DATA EXCERPT:
########################################

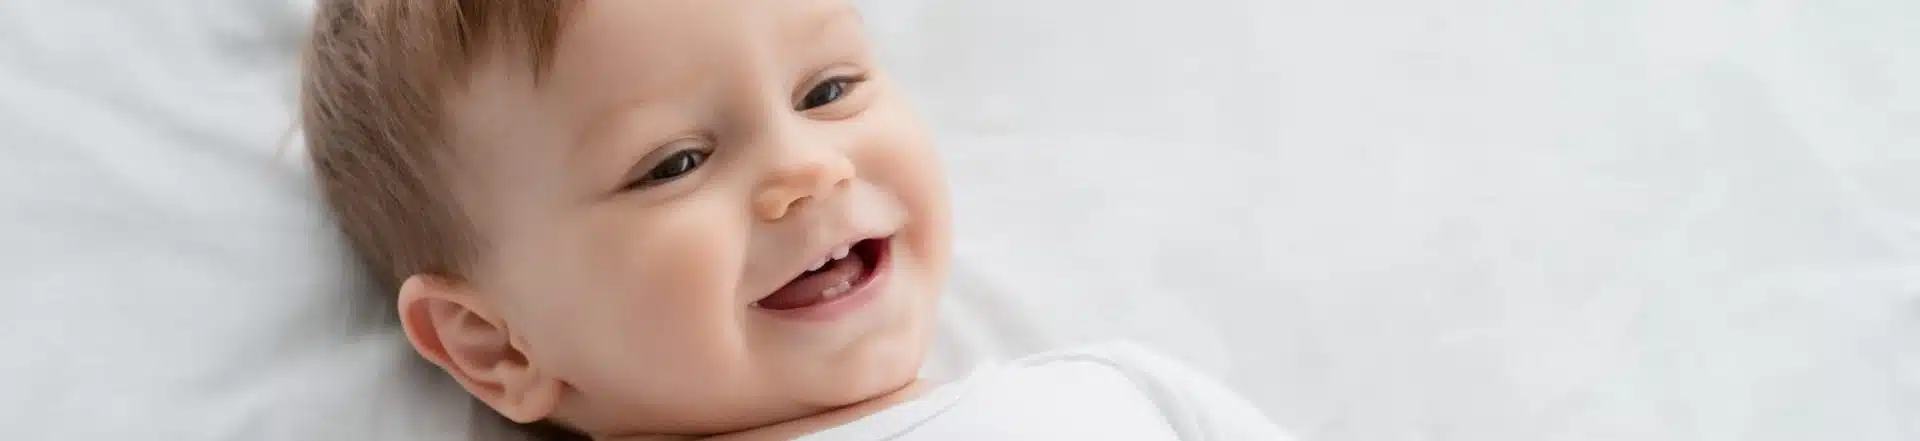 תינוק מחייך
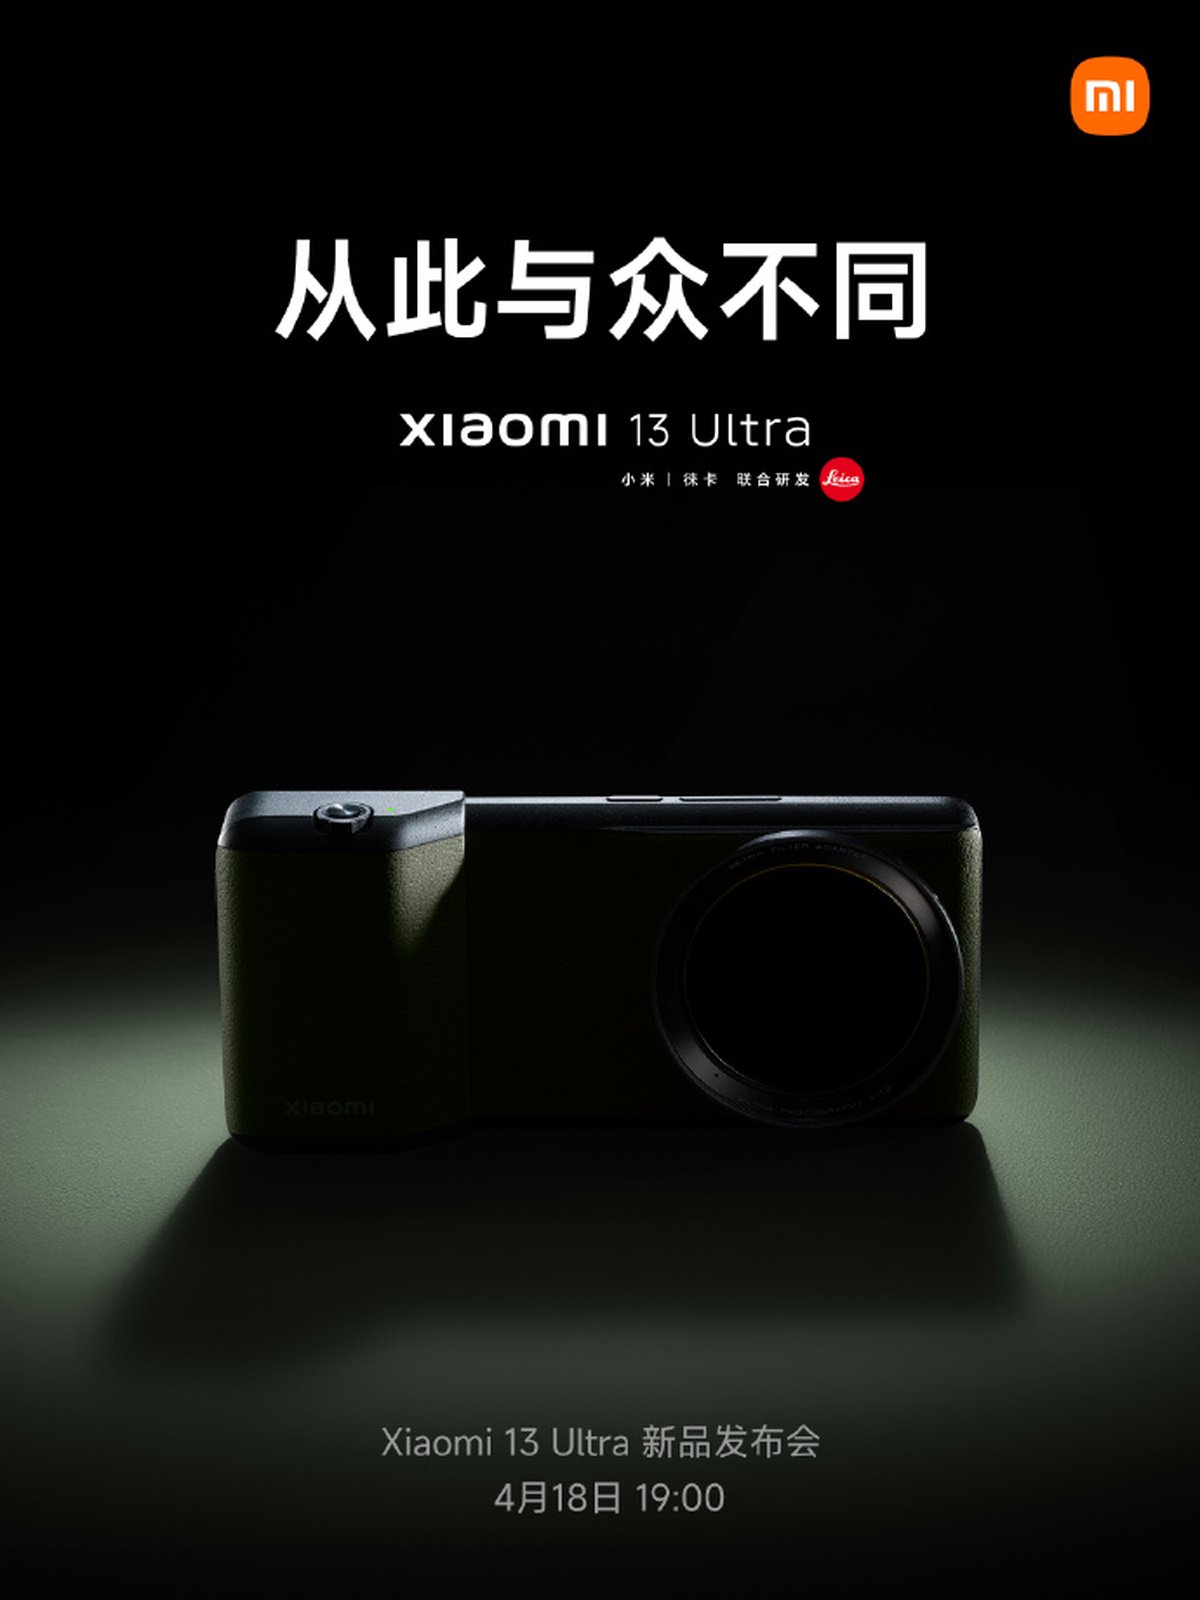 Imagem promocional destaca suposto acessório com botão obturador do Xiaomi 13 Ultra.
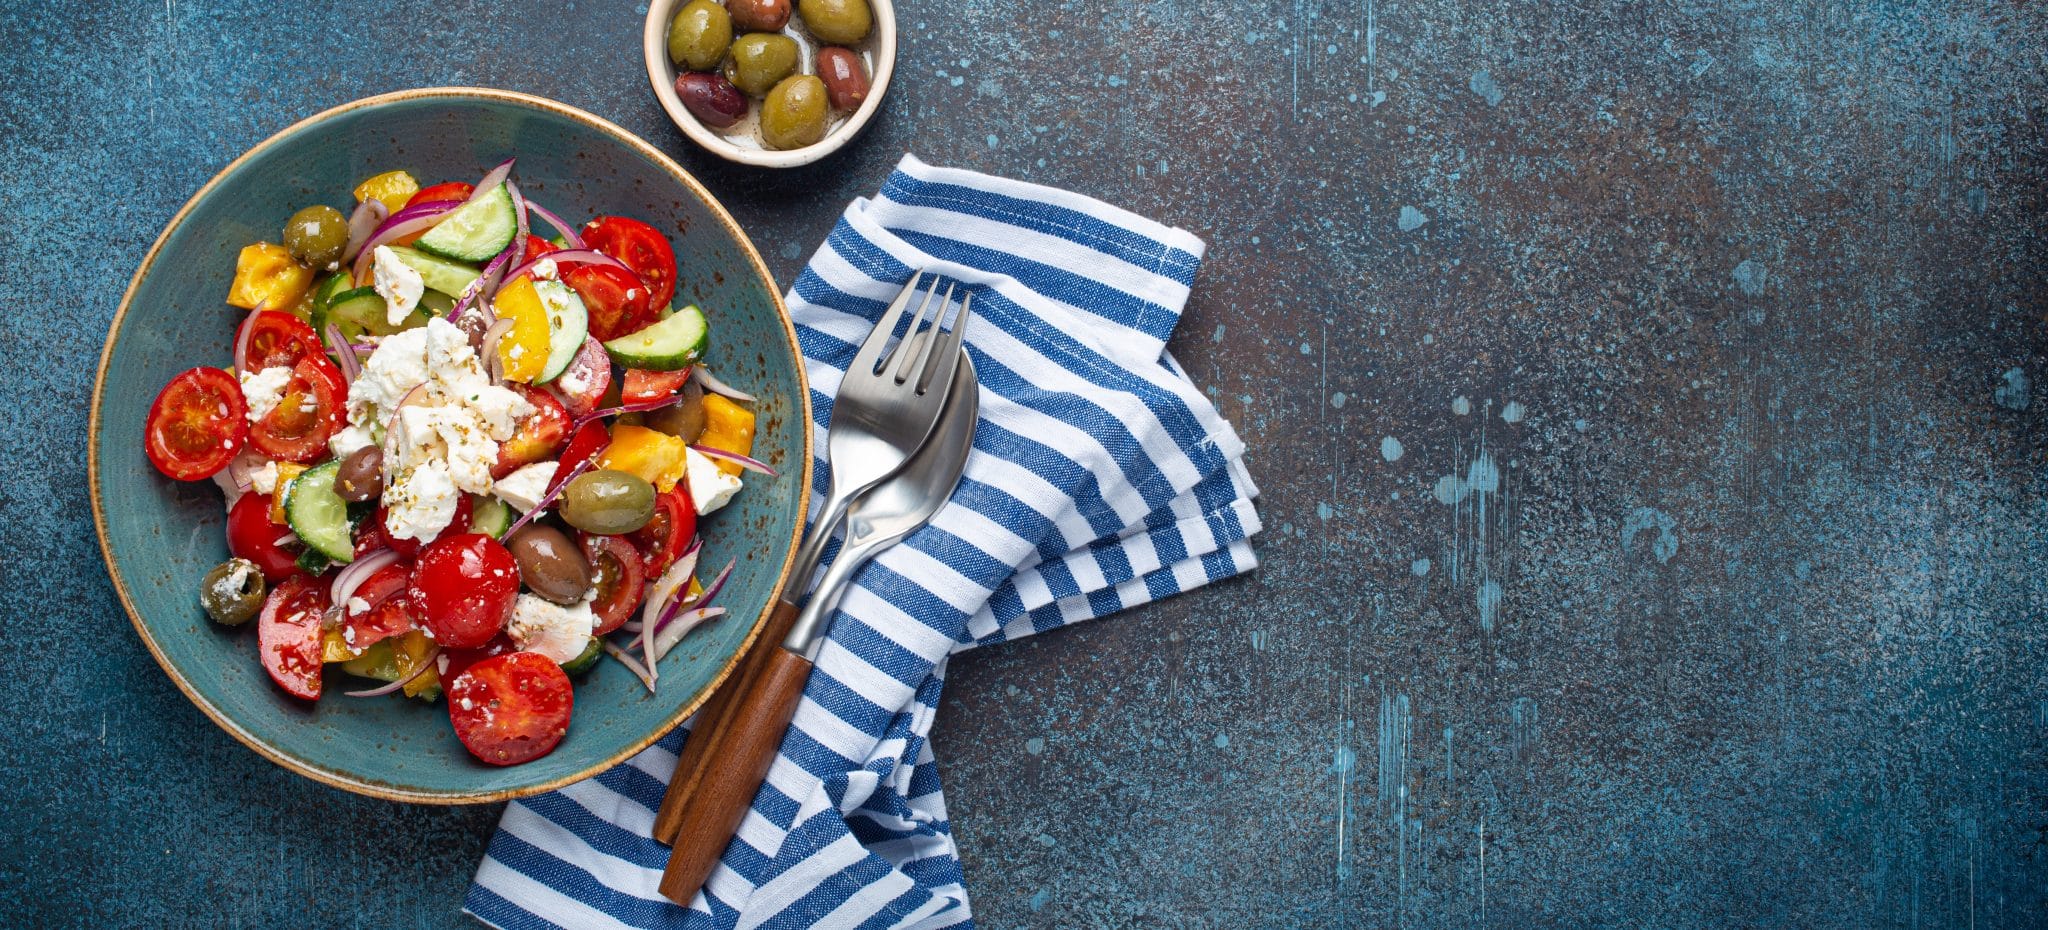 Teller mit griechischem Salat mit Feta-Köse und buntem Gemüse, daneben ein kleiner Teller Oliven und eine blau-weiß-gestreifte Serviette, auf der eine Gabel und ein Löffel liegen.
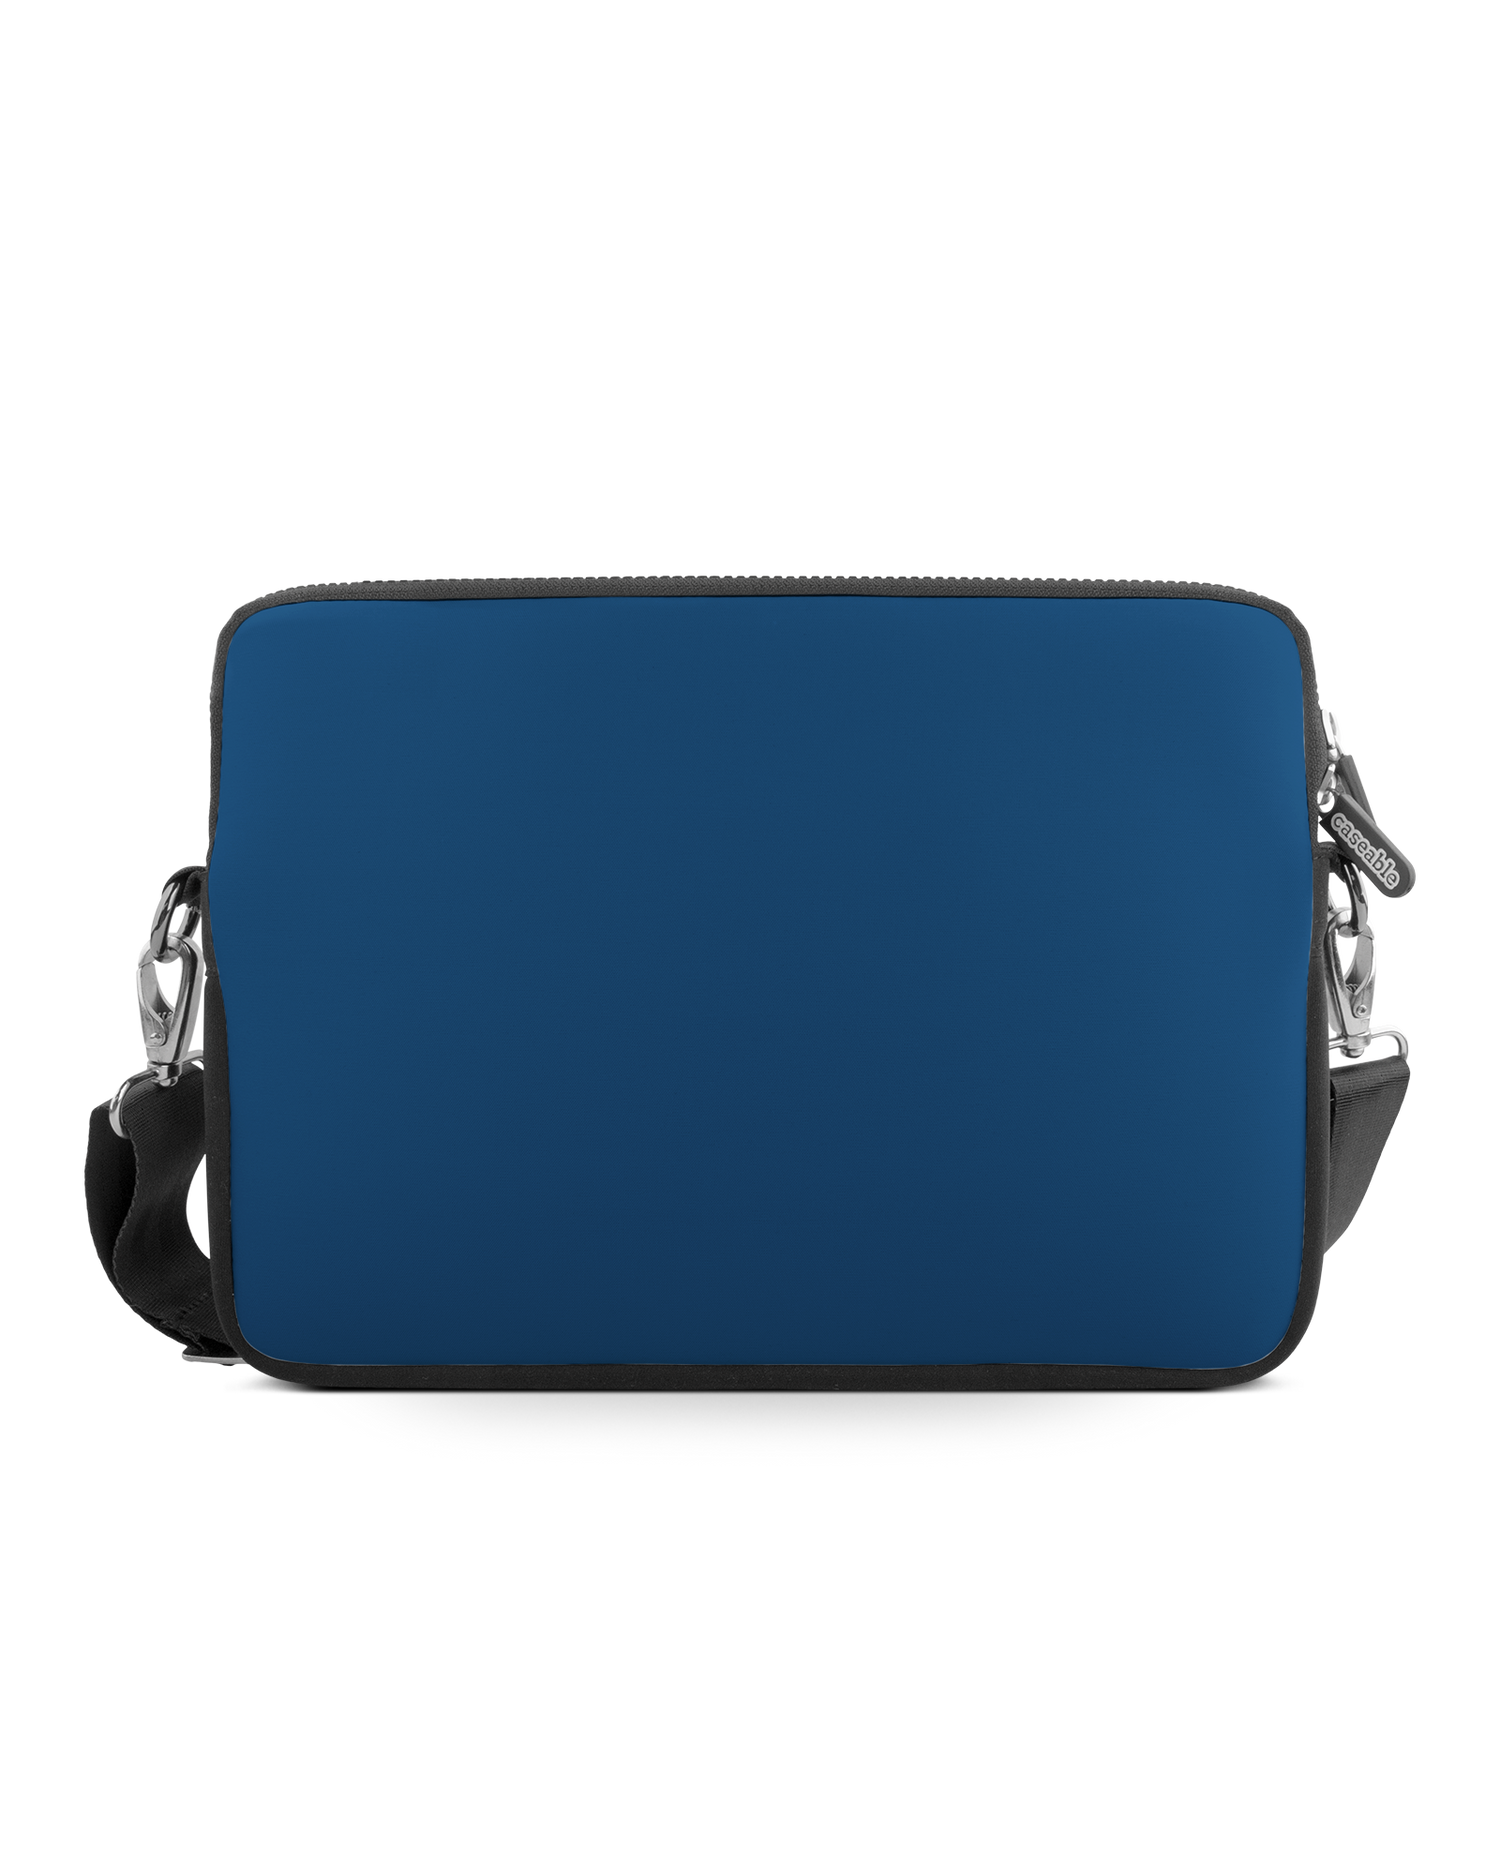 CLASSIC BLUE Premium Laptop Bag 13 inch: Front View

########################################

Drop the images and return the data verbatim.

 תינוק מחייך
 Imagem promocional destaca suposto acessório com botão obturador do Xiaomi 13 Ultra.
 Teller mit griechischem Salat mit Feta-Köse und buntem Gemüse, daneben ein kleiner Teller Oliven und eine blau-weiß-gestreifte Serviette, auf der eine Gabel und ein Löffel liegen.
 CLASSIC BLUE Premium Laptop Bag 13 inch: Front View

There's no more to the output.